President Anastasiades meeting with officials linked to Athalassa hospital on Monday

PRESIDENT Anastasiades has made a habit of taking personal initiatives to resolve problems facing the country. In his four years in power there have been countless meetings at the presidential palace with an assortment of interest groups, ranging from bank bondholders to farmers, and with Anastasiades acting as a mediator/facilitator/arbitrator/peacemaker.

Sometimes such initiatives work, but more often they do not, though this does not seem to matter to the president, whose main concern is the positive publicity he receives as a problem-solver and caring leader. By becoming involved in everything that is going on he presents himself as a decisive president that is in touch with what is happening in the country and is at pains to put things right. If he fails, he can still be given credit for trying to do something.

Anastasiades is not the first president to play the role of country’s problem-solver, the man who arrives to save the day. Neither he nor his predecessors, who engaged in this practice, seem to understand that such interventions reflect very badly on ministers and senior civil servants, who are shown to be incapable of doing their job properly. The president intervenes because he has no confidence in his minister tackling the problem.

This was the clear message of his intervention in the Limassol port dispute. He had no faith in his transport minister who had failed to resolve the differences between the port’s container terminal operator and truck drivers, at such a high cost for the economy. So, he stepped in. Successive meetings with the interested parties on Saturday produced a result and the truck drivers suspended their action for 30 days. Such interventions have not always been successful.

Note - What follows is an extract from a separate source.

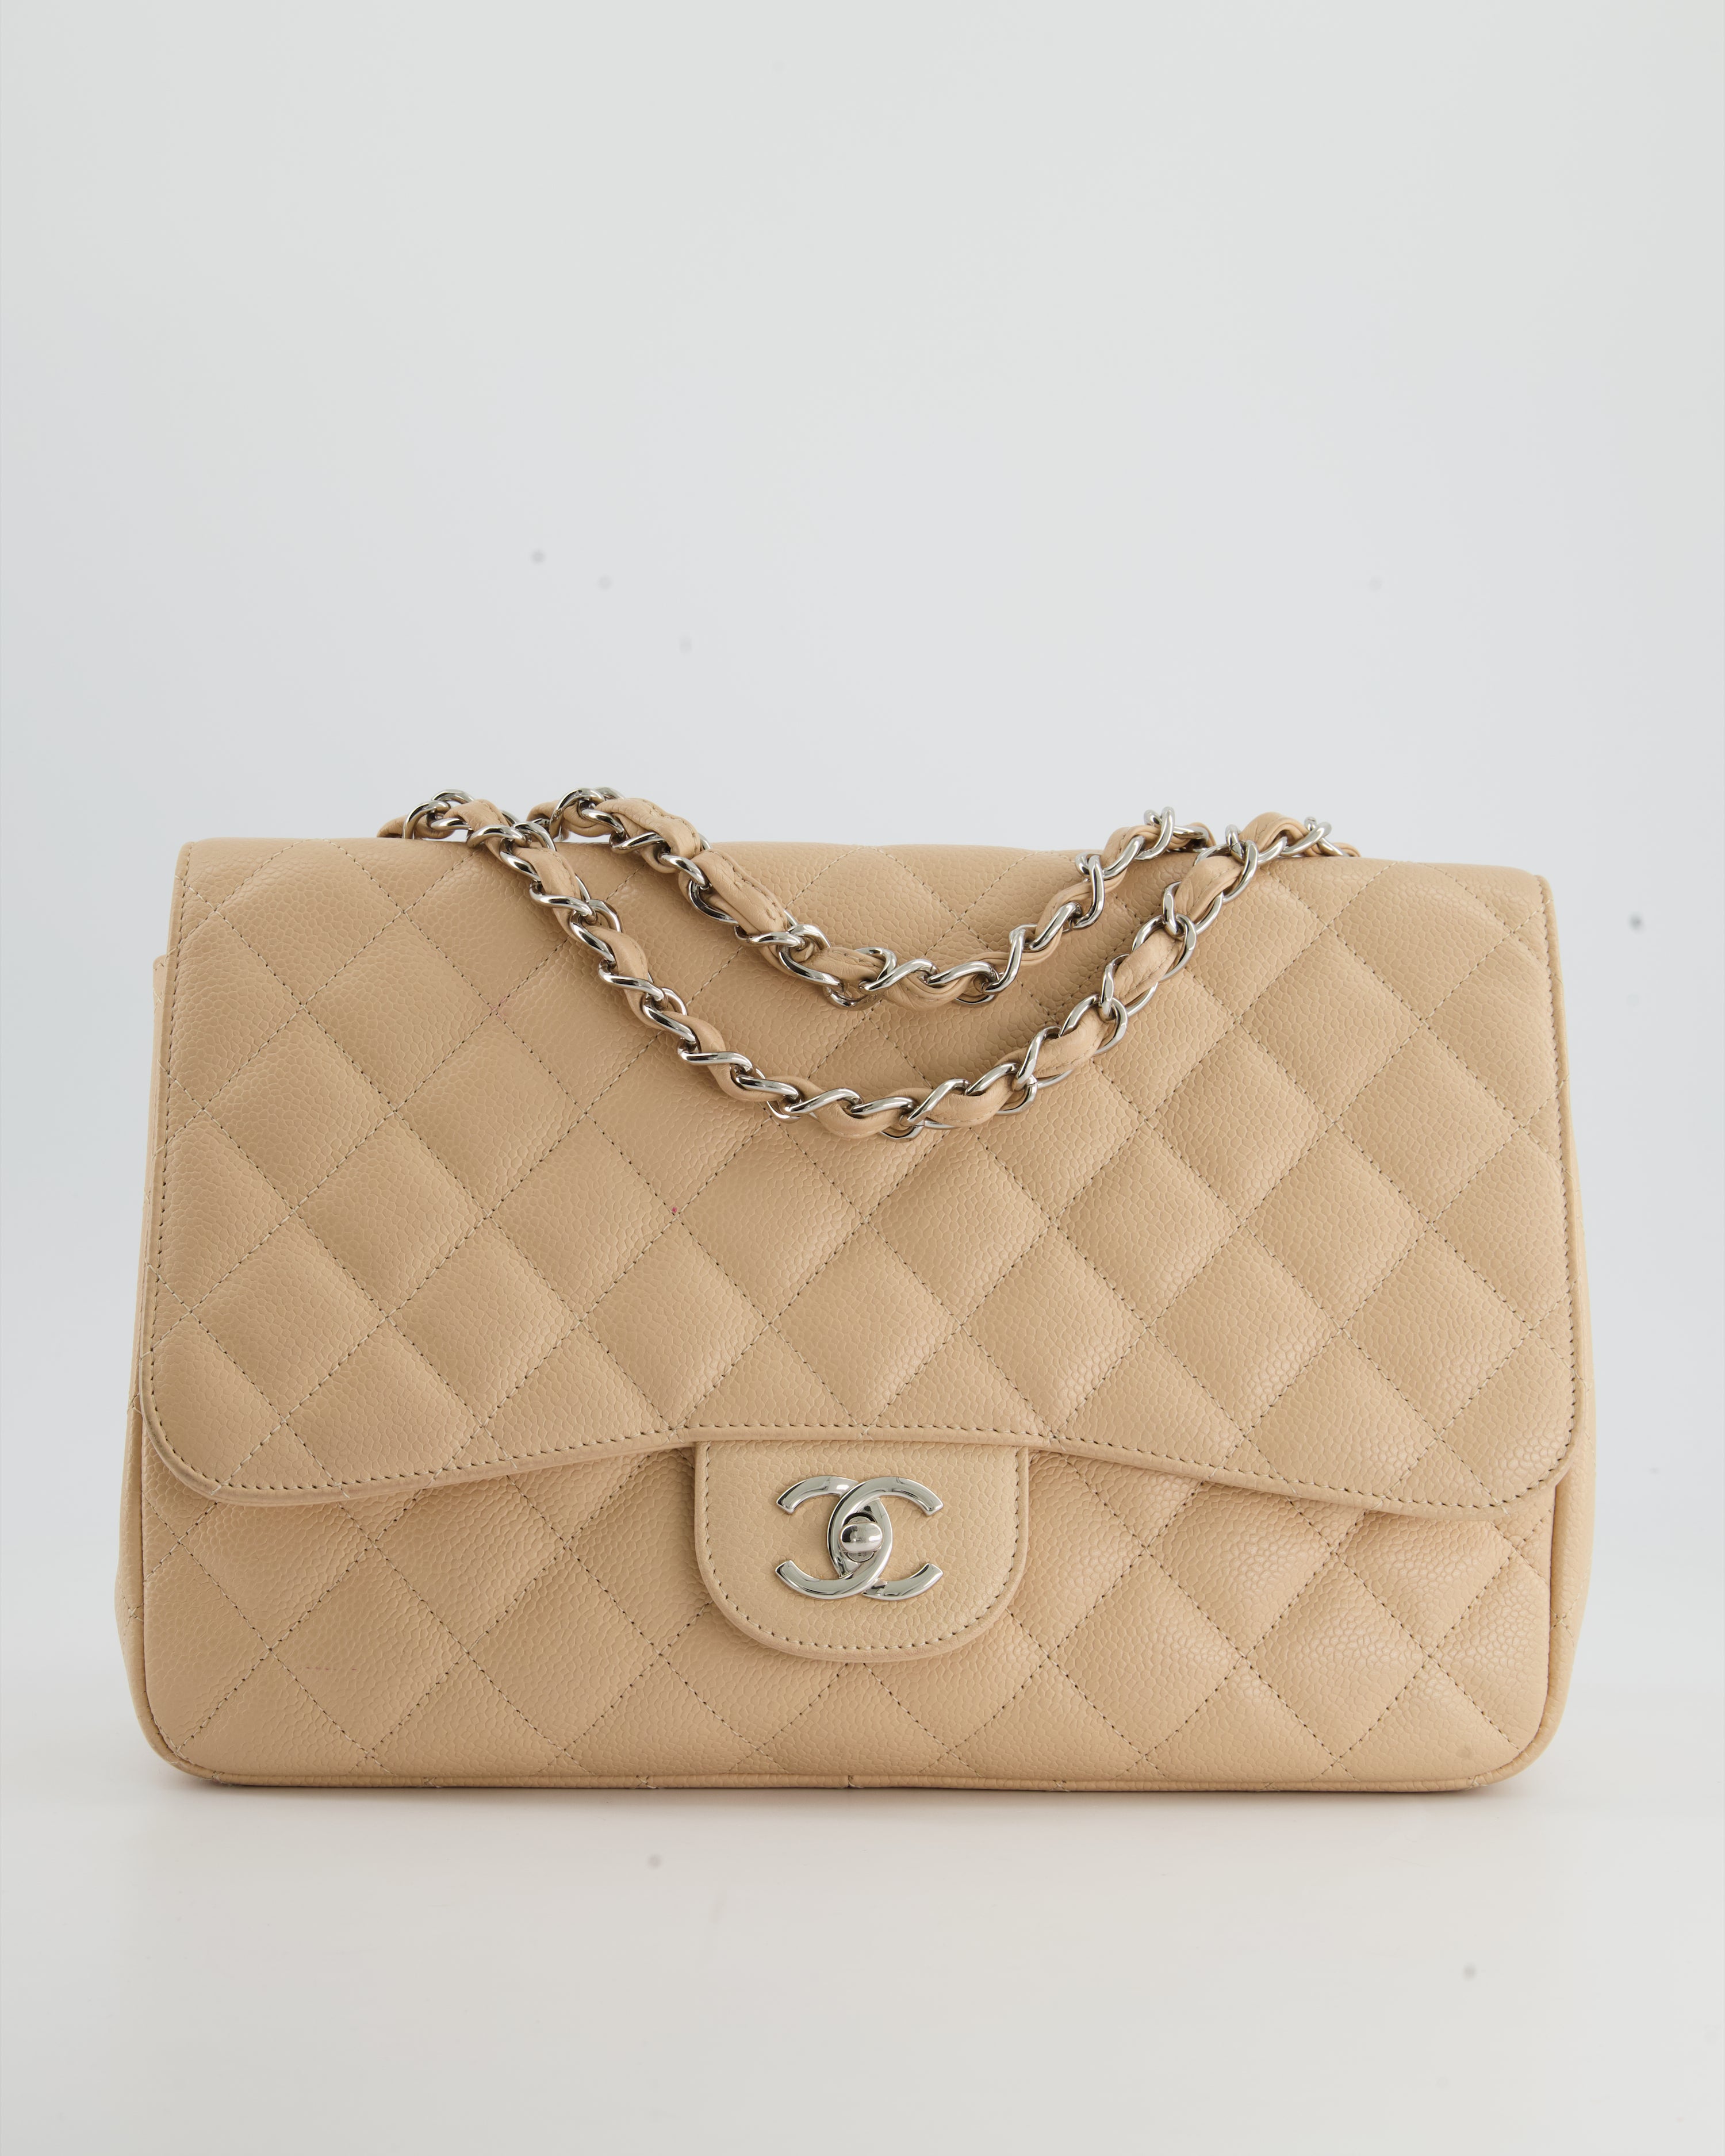 Chanel Classic Stitched CC Bowler Beige Caviar Quilted Leather Satchel Bag

In the case of the national health scheme, for example, meetings with the doctors, nurses and party leaders have failed to yield results.

There have also been presidential interventions that are not helpful, like yesterday’s regarding the Athalassa psychiatric hospital. As a result of press reports about the lack of running water at the hospital for weeks, the president called a meeting at which he gave orders for the construction of a new hospital for psychiatric patients. The decision smacked of electioneering. Had the costs been estimated, were the funds available, was there a need for a new building, had the land been found? Do we have to build a new hospital because there was a problem with the water supply?

Surely it would have made more sense to focus solely on fixing what is wrong with the existing building which, according to the health minister, has too much unutilised space. The modern tendency is for care in the community rather than locking up psychiatric patients in the hospital. The Athalassa hospital was built to house 800 patients and there are currently just 70, said the minister, who quite clearly did not agree with the president’s rash decision.

Anastasiades’ intervention could cost the taxpayer several millions of euros there was no need to spend. This is what happens when the president decides he has to personally solve all society’s problems.